◆ HOW TO COMPLETE THIS TASK
Restate the whole listing below word for word and keep the images out.

◆ DATASET EXTRACT
------

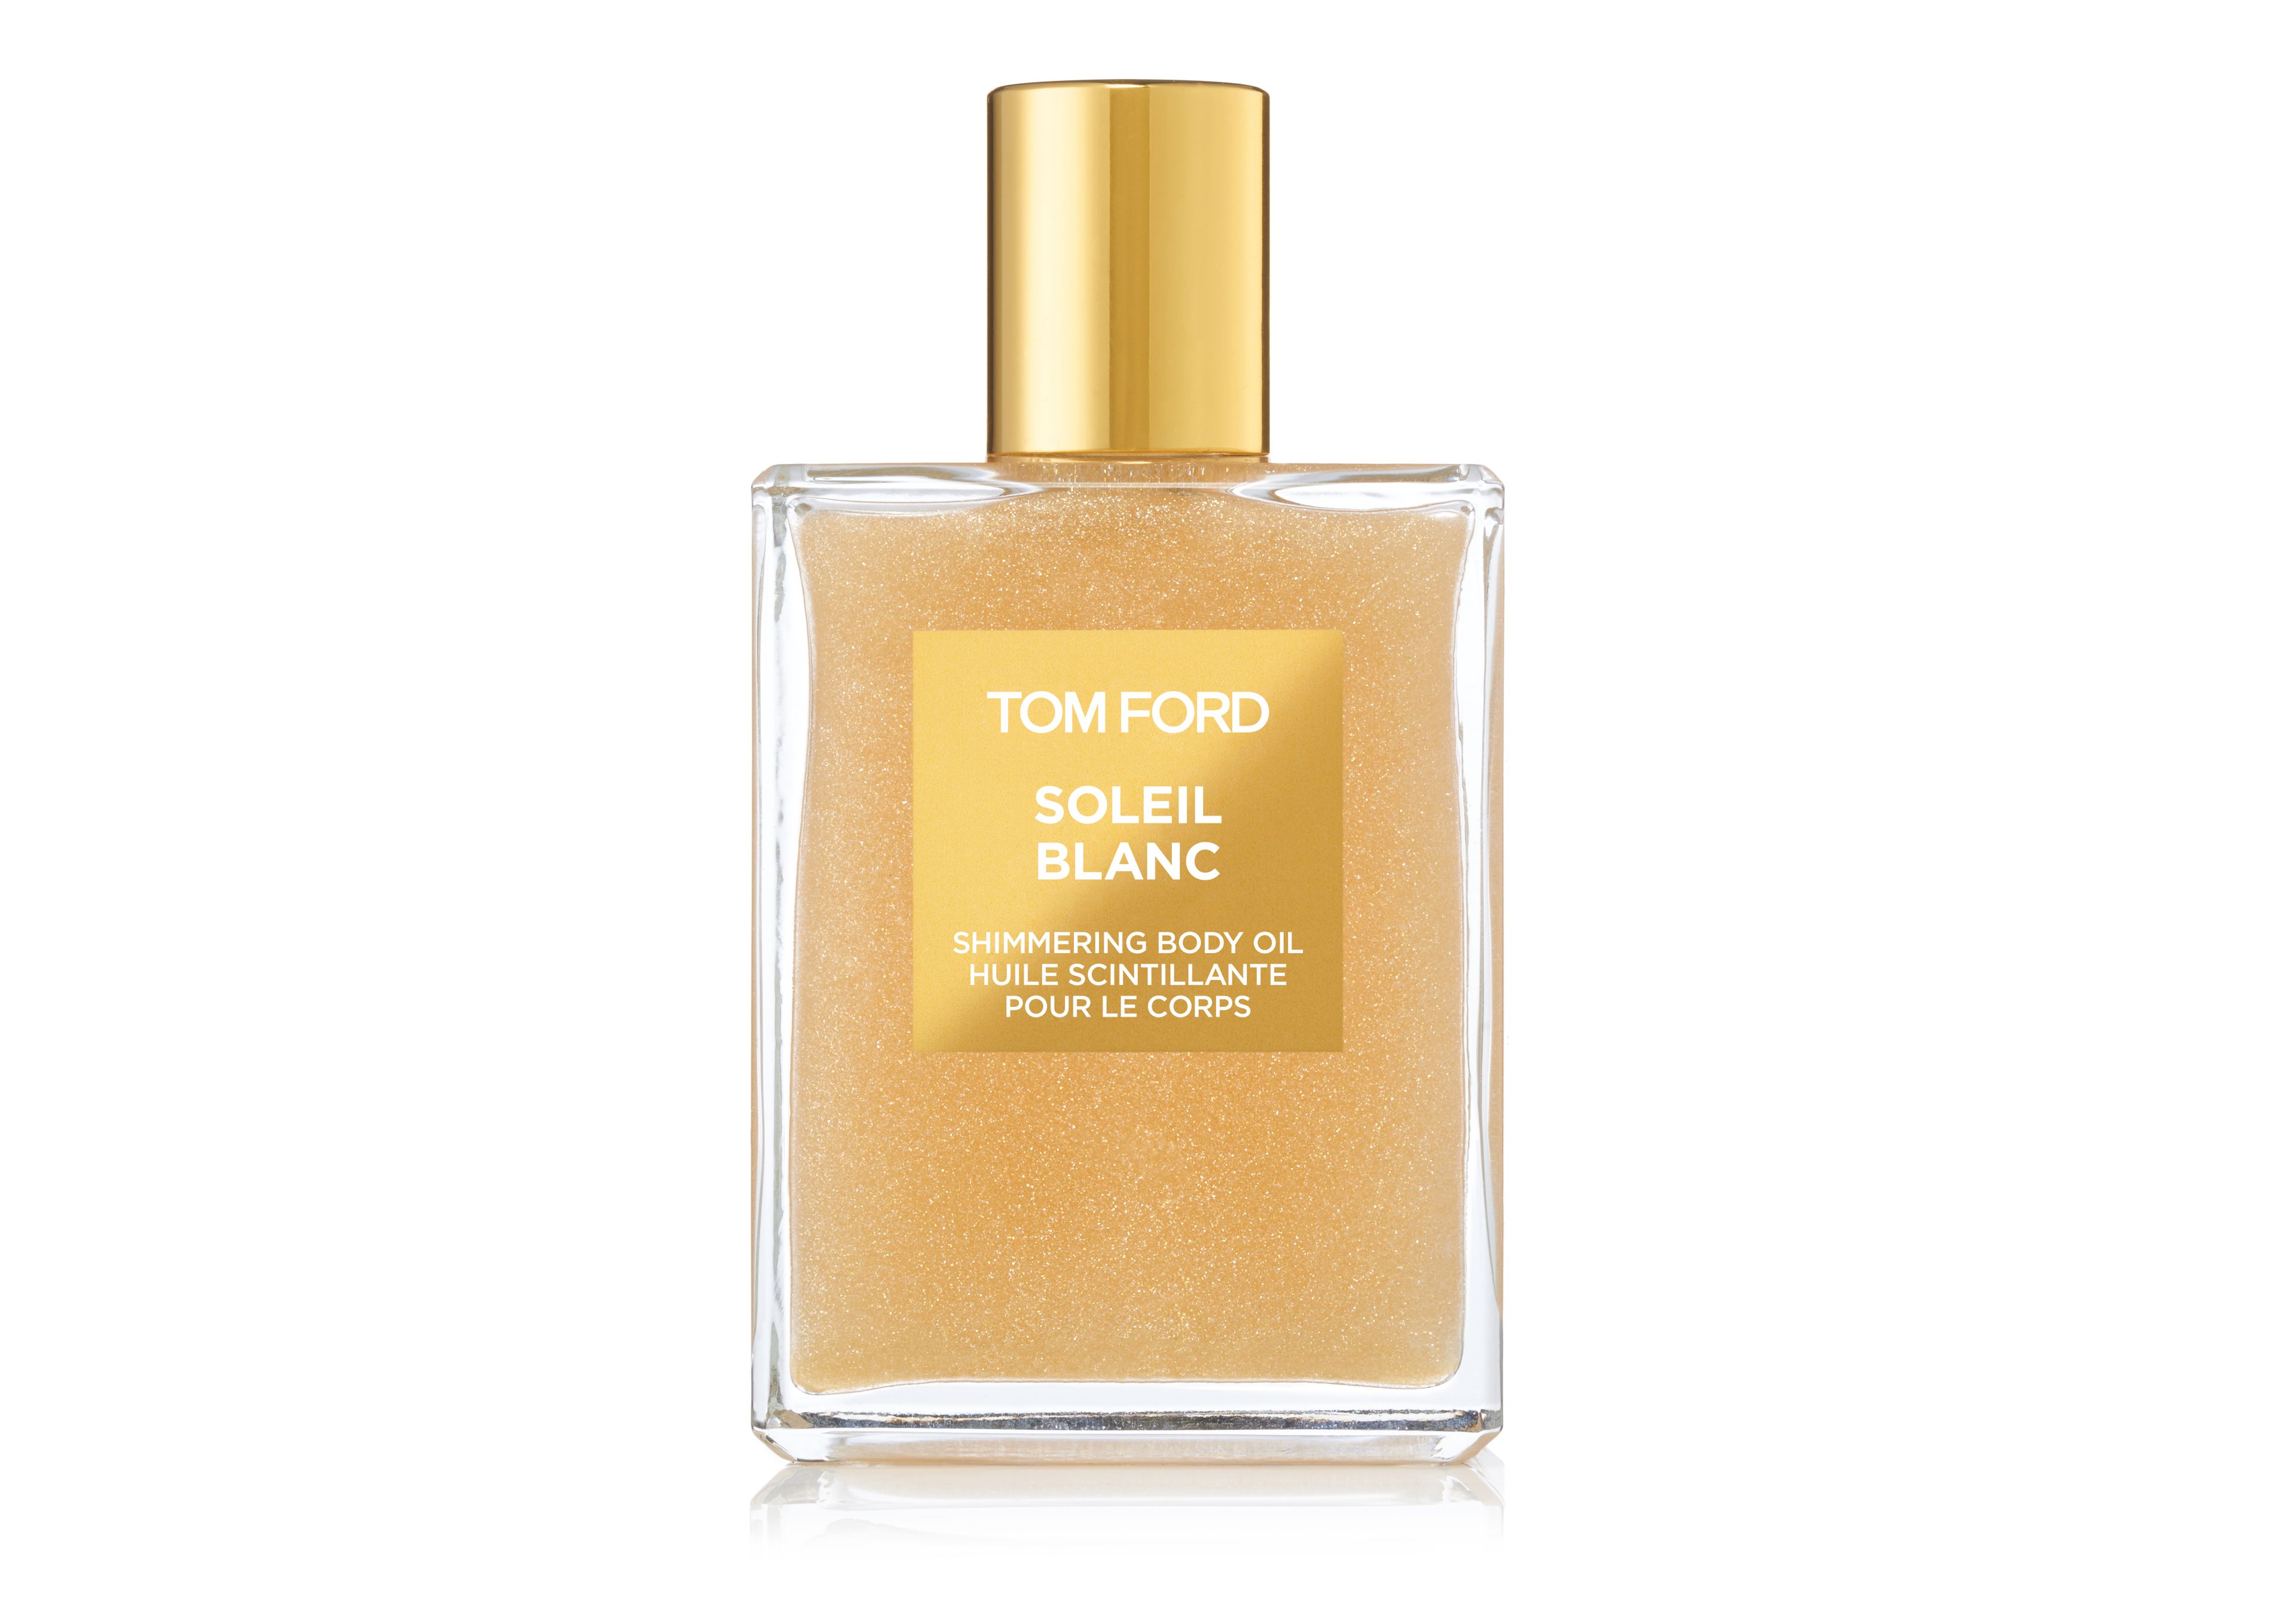 Tom Ford Soleil Blanc Shimmering Body Oil 1
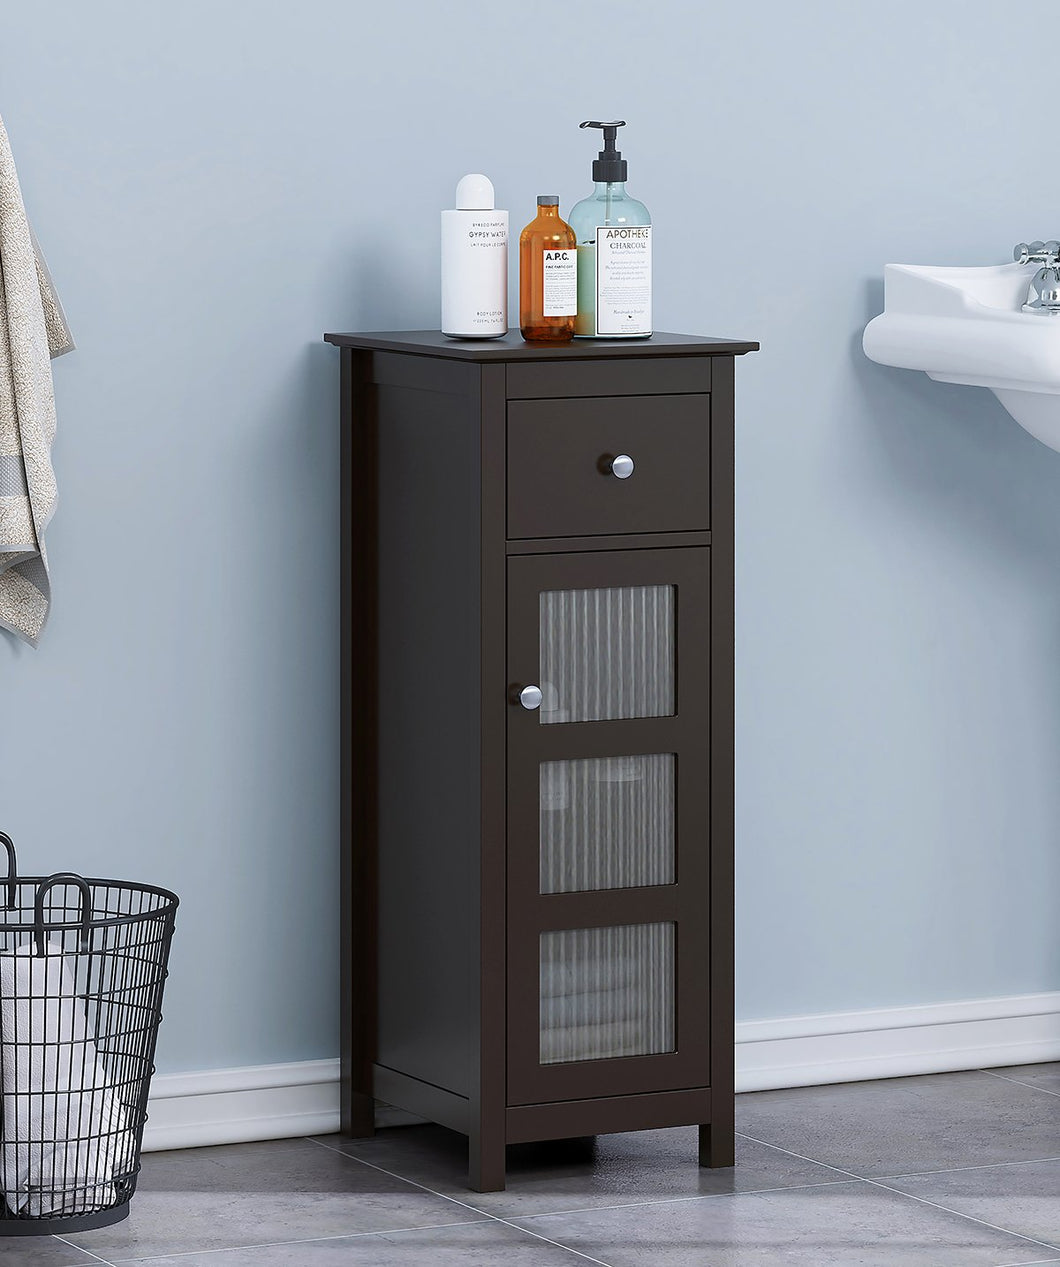 SPIRICH Bathroom Storage Floor Cabinet, Bathroom Cabinet free standing with Single Drawer and Adjustable Shelf (Espresso)
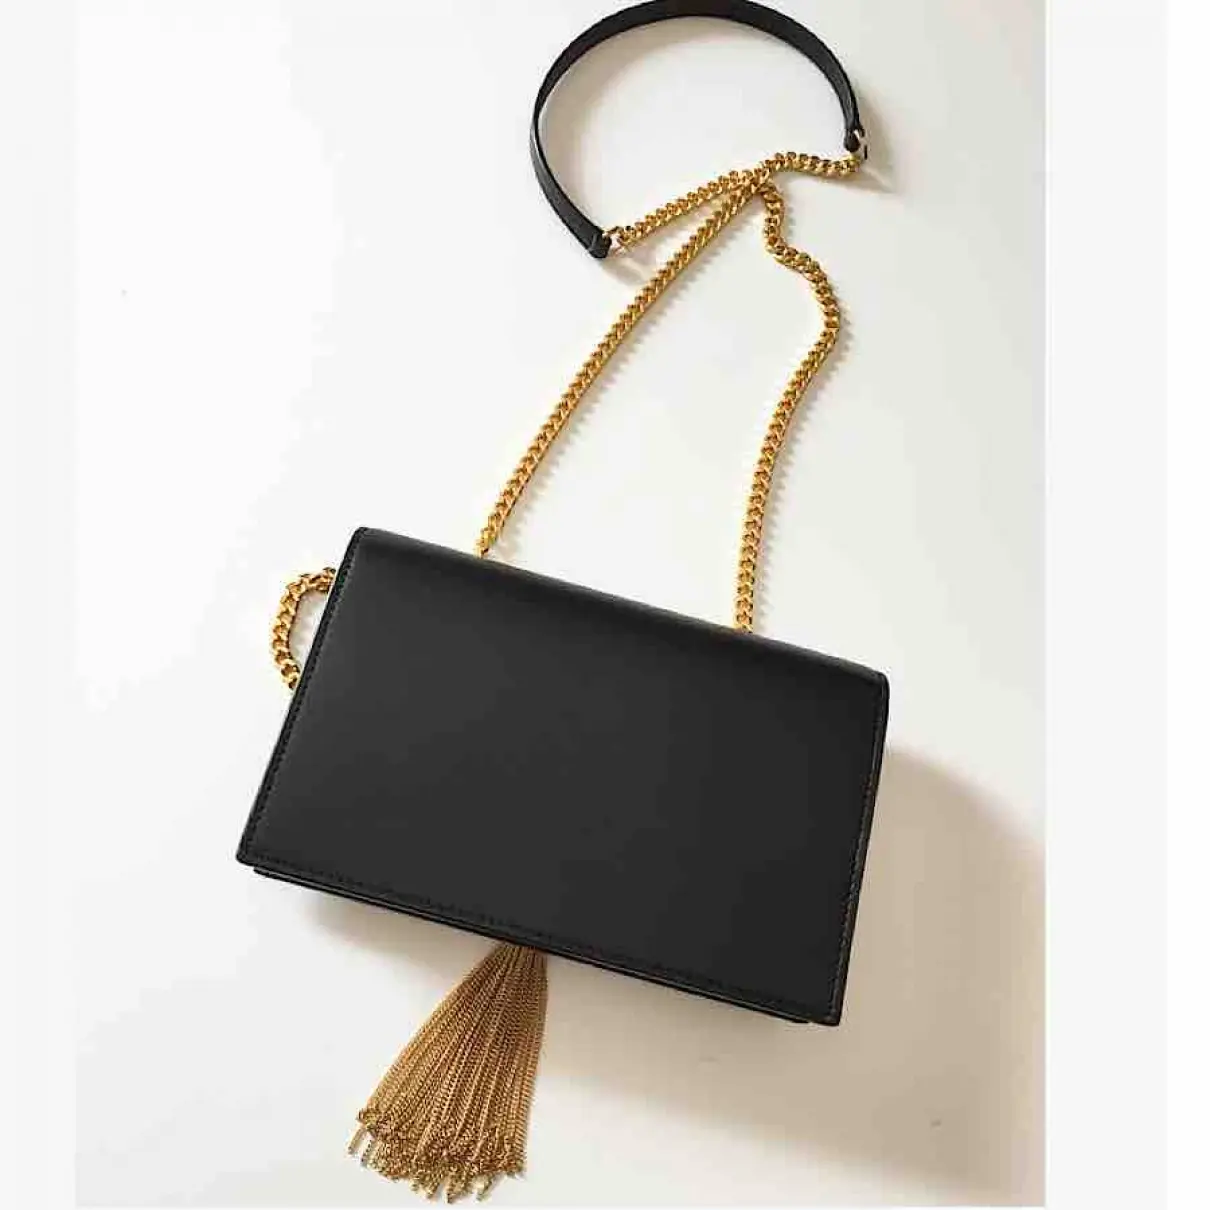 Buy Saint Laurent Pompom Kate leather clutch bag online

------

◆ SOLUTION TO THE PROBLEM
 Tom Ford Soleil Blanc Shimmering Body Oil 1
 SPIRICH Bathroom Storage Floor Cabinet, Bathroom Cabinet free standing with Single Drawer and Adjustable Shelf (Espresso)
 Buy Saint Laurent Pompom Kate leather clutch bag online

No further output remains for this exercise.